I was lucky enough to see Melissa Hart speak at Willamette Writers‘s monthly meeting. Here are my notes from the meeting. (Melissa’s a fast speaker, so my notes are spotty, but still worthwhile.) I felt like I learned a ton of useful information even though I currently write fiction.

Melissa Hart
Writing Memoirs
  • “I got started at age 16 writing bad cat poetry. Would you like to hear some?”
  • The Assault of Laughter
  • Gringa
    • In 1979, my mother came out as a lesbian, and (as was common at the time) lost custody of her children as a result.
  • Short memoir in magazines: love this genre.

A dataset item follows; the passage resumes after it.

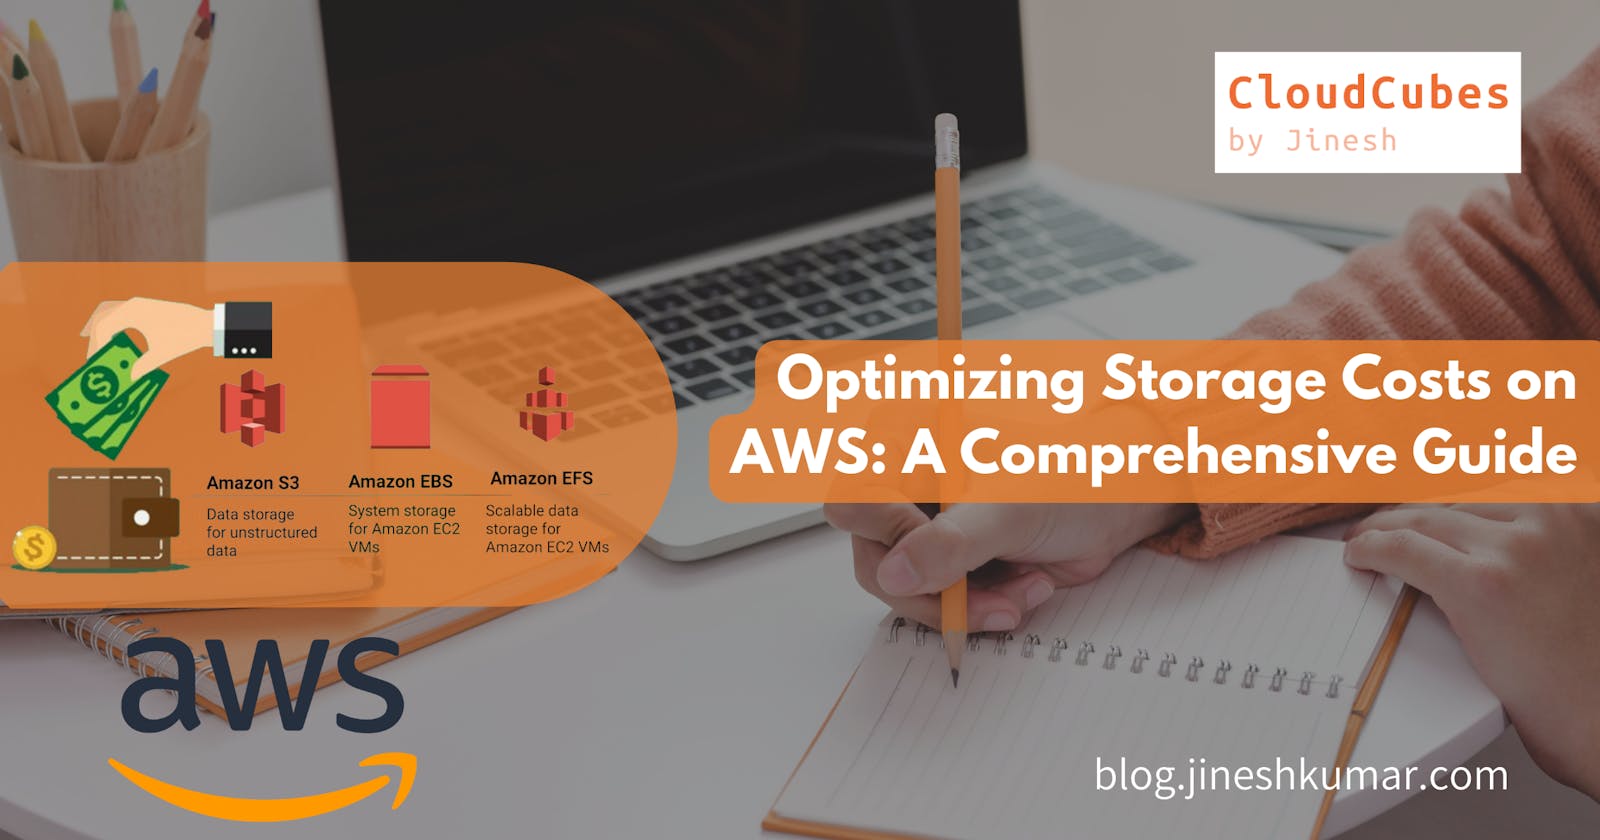 Optimizing Storage Costs on AWS: A Comprehensive Guide

  • Contrary to what lots of people are saying, memoir is not dying: People want to read about other people’s lives. 
  • Ariel Gore: “A memoir is to journalistic autobiography as a movie based on real-life events is to a documentary”.
  • Memoir has narrative arc: rising action, climax, falling actions.
  • Form: Essay, social or political commentary, slice of life vignettes (look up Orion magazine Brian Doyle: amazing page long memoir that will knock your socks off).
  • It must teach us something. Offer the reader a gift. Examples:
    • 21st century foraging: giving us adventure tales of learning to eat what is outside our house.
    • another way the river has: the gift of traveling down the columbia river in a handmade boat.
    • growing up rich
    • growing up in poverty
    • relationship to candy
  • “90% of the submissions he receives are too personal. it’s too bad your grandmother died, but what are you going to tell the thousands of readers who grandmother’s die every day?” you need to teach the reader something.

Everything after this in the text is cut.